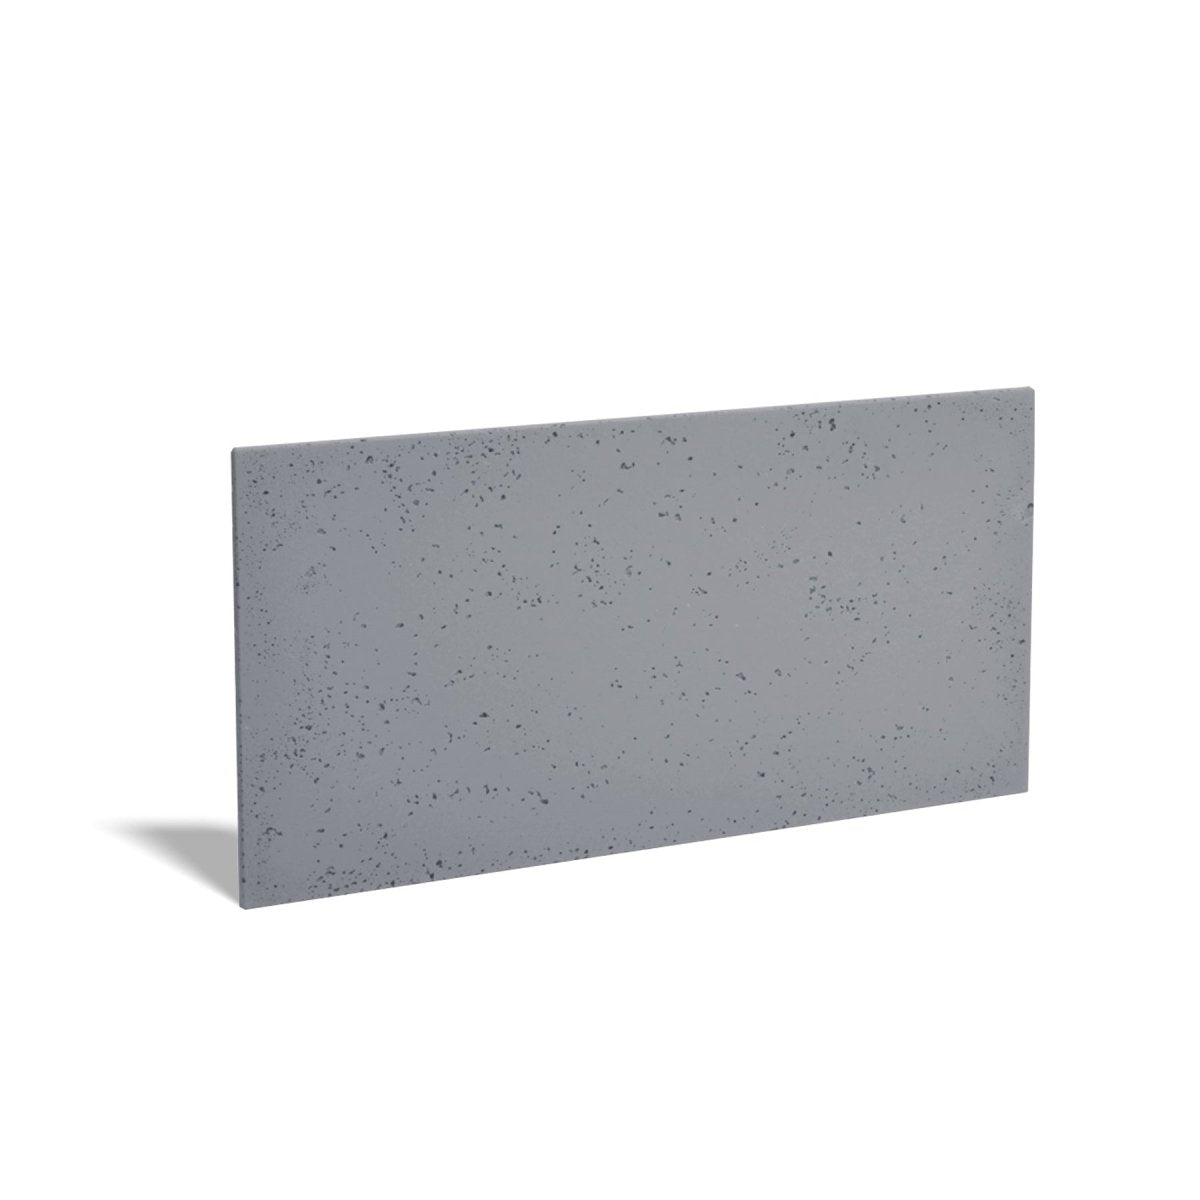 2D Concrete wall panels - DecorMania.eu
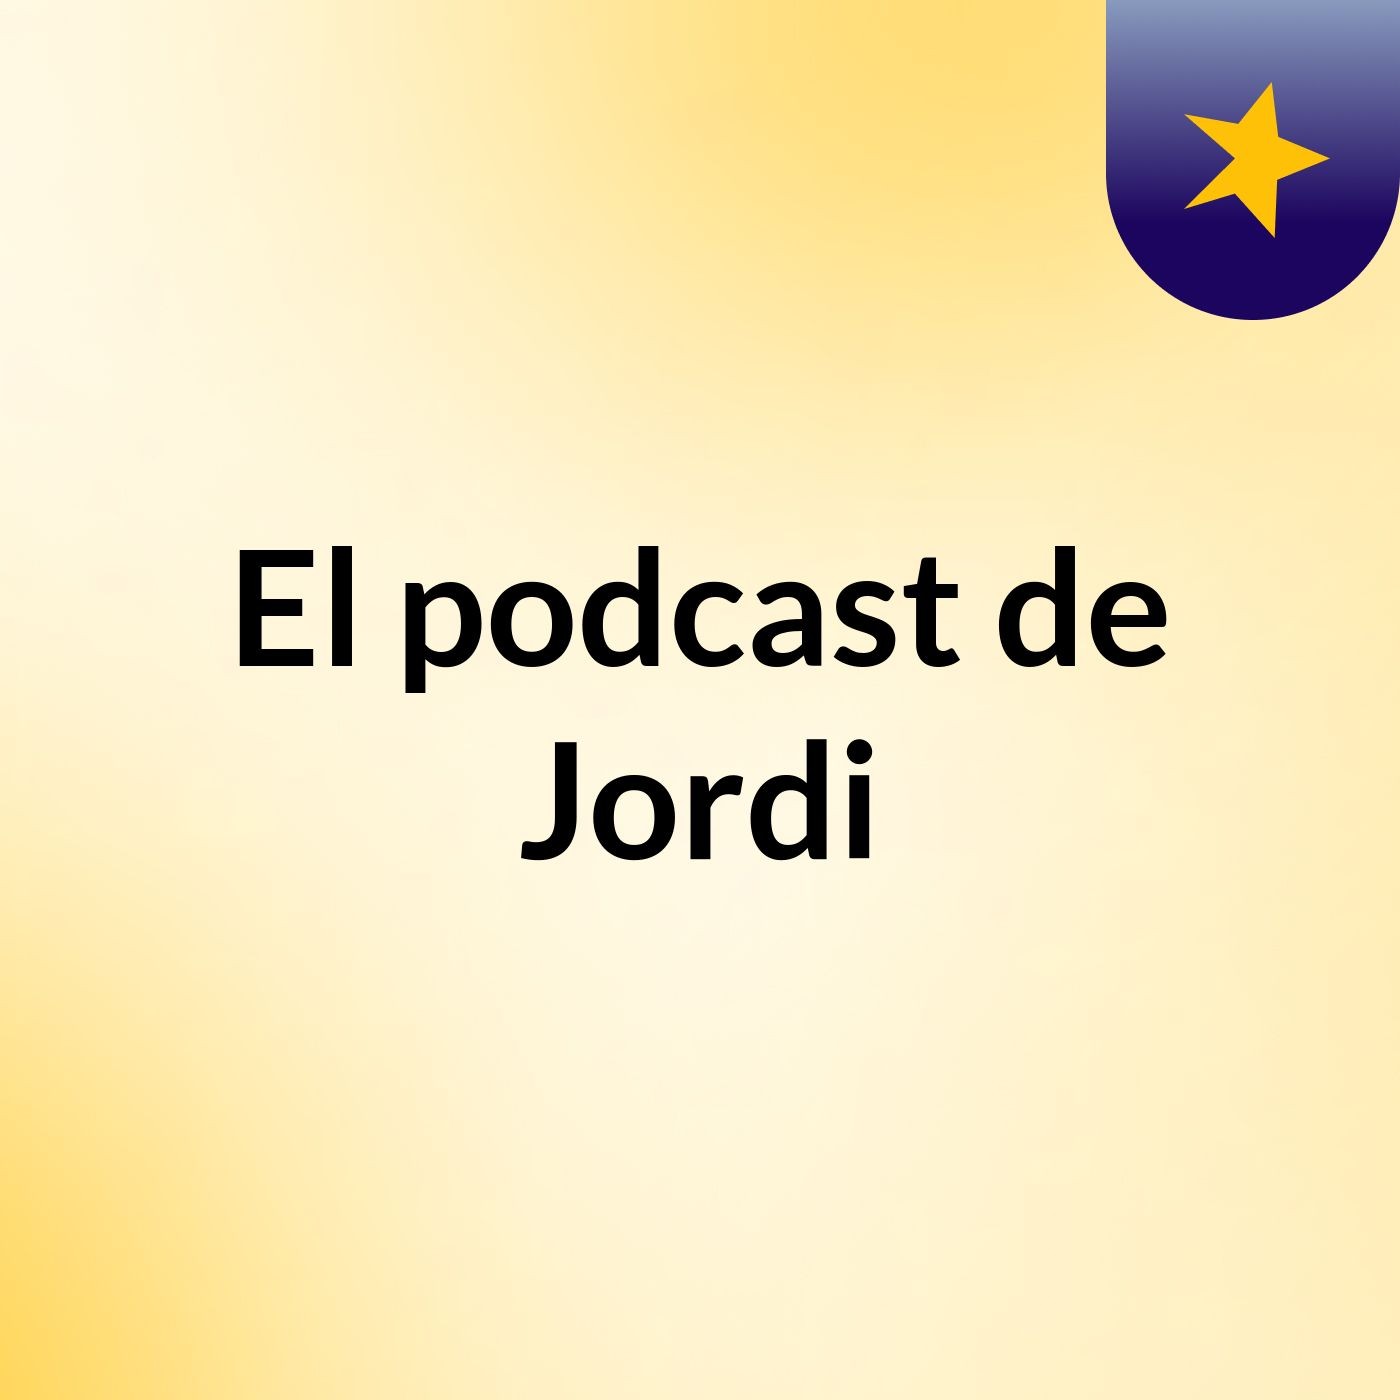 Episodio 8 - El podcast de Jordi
※
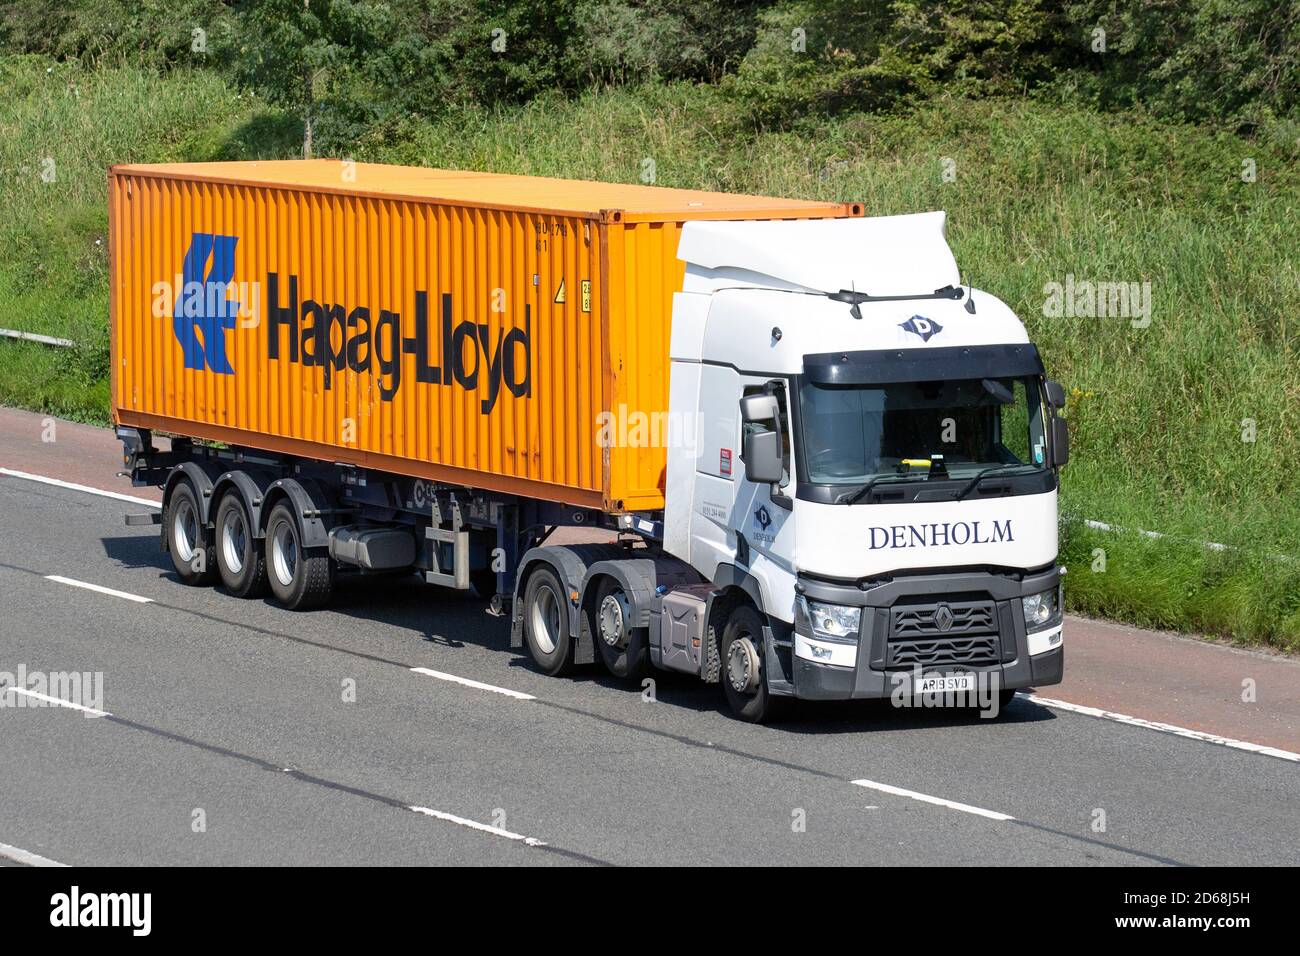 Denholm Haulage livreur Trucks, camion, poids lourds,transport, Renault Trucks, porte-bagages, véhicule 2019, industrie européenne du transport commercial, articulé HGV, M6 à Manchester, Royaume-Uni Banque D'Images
※
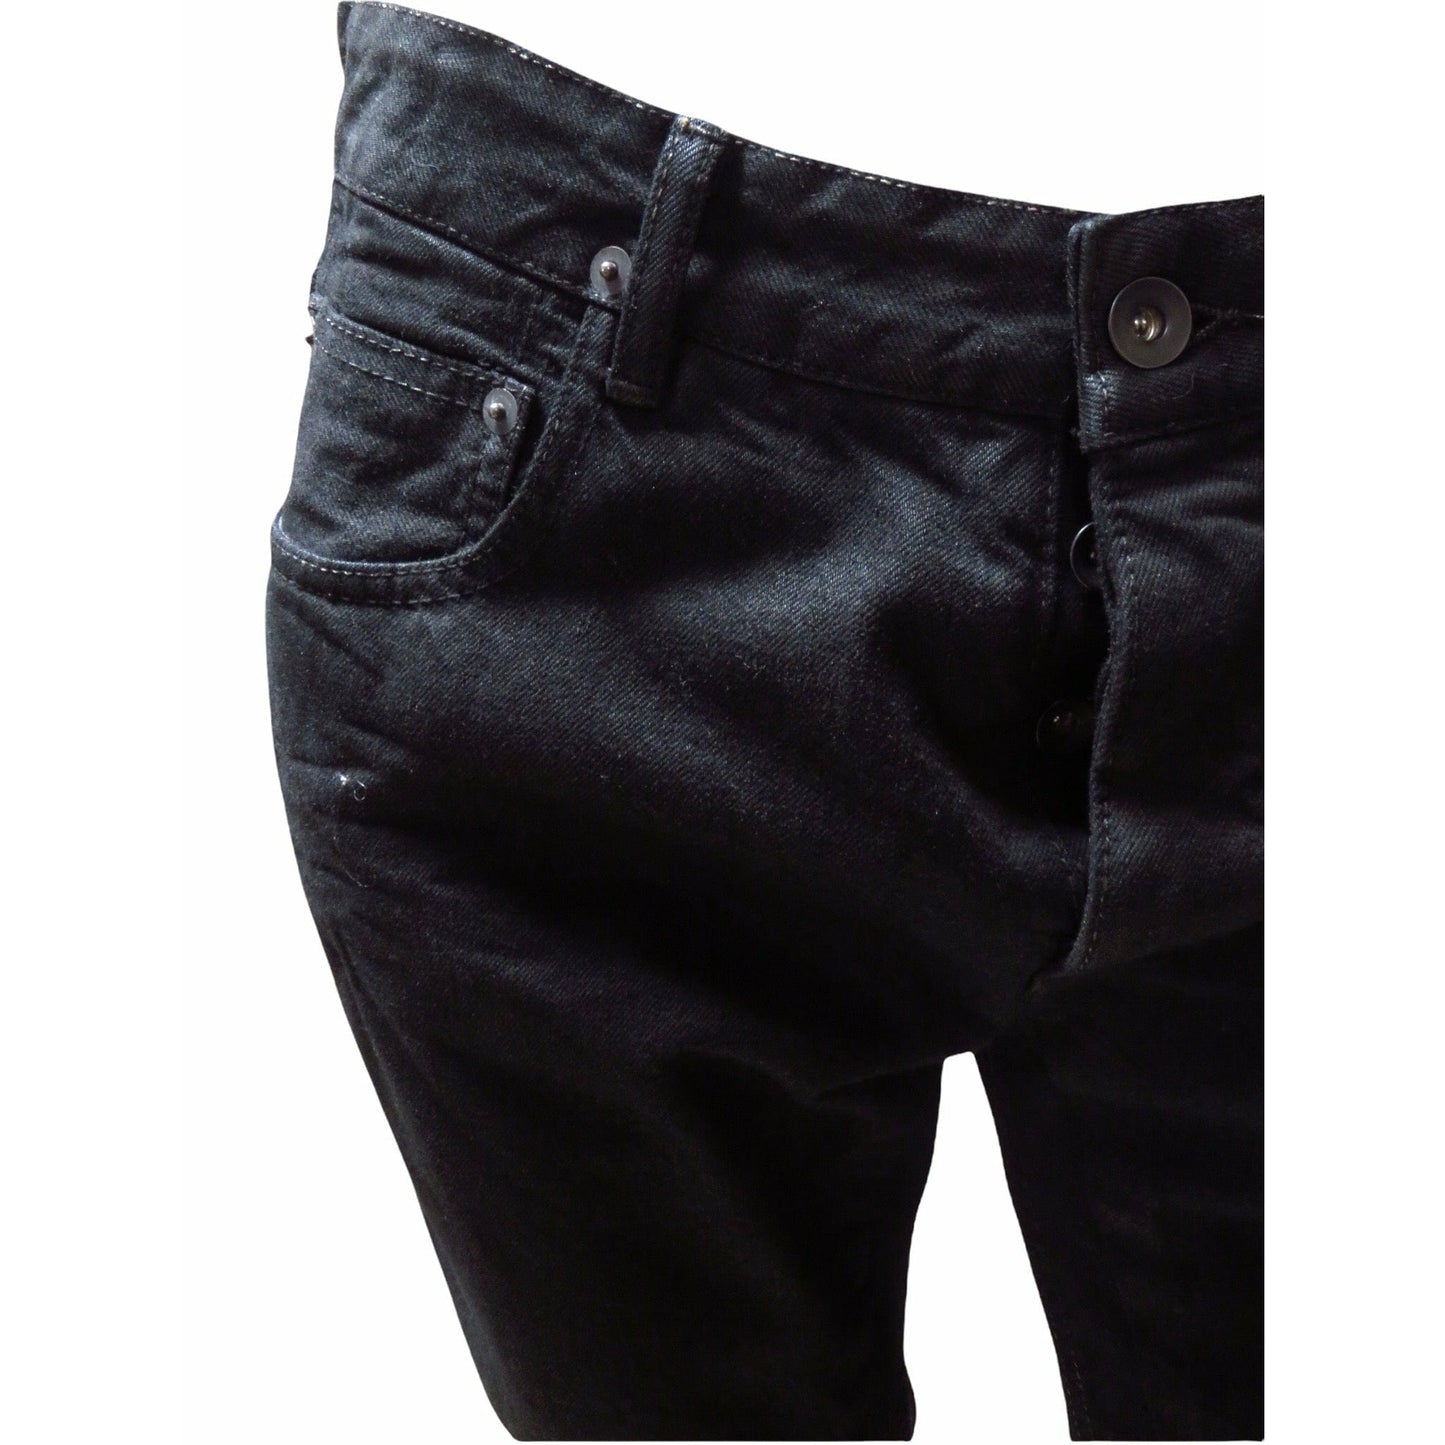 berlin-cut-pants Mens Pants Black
※
Both the line containing "2D Concrete wall panels - DecorMania.eu" and the line containing "Episodio 8 - El podcast de Jordi" above belong in the output, as do the lines between them. Print them exactly, without pictures.

| Exercise result |
 2D Concrete wall panels - DecorMania.eu
 Episodio 8 - El podcast de Jordi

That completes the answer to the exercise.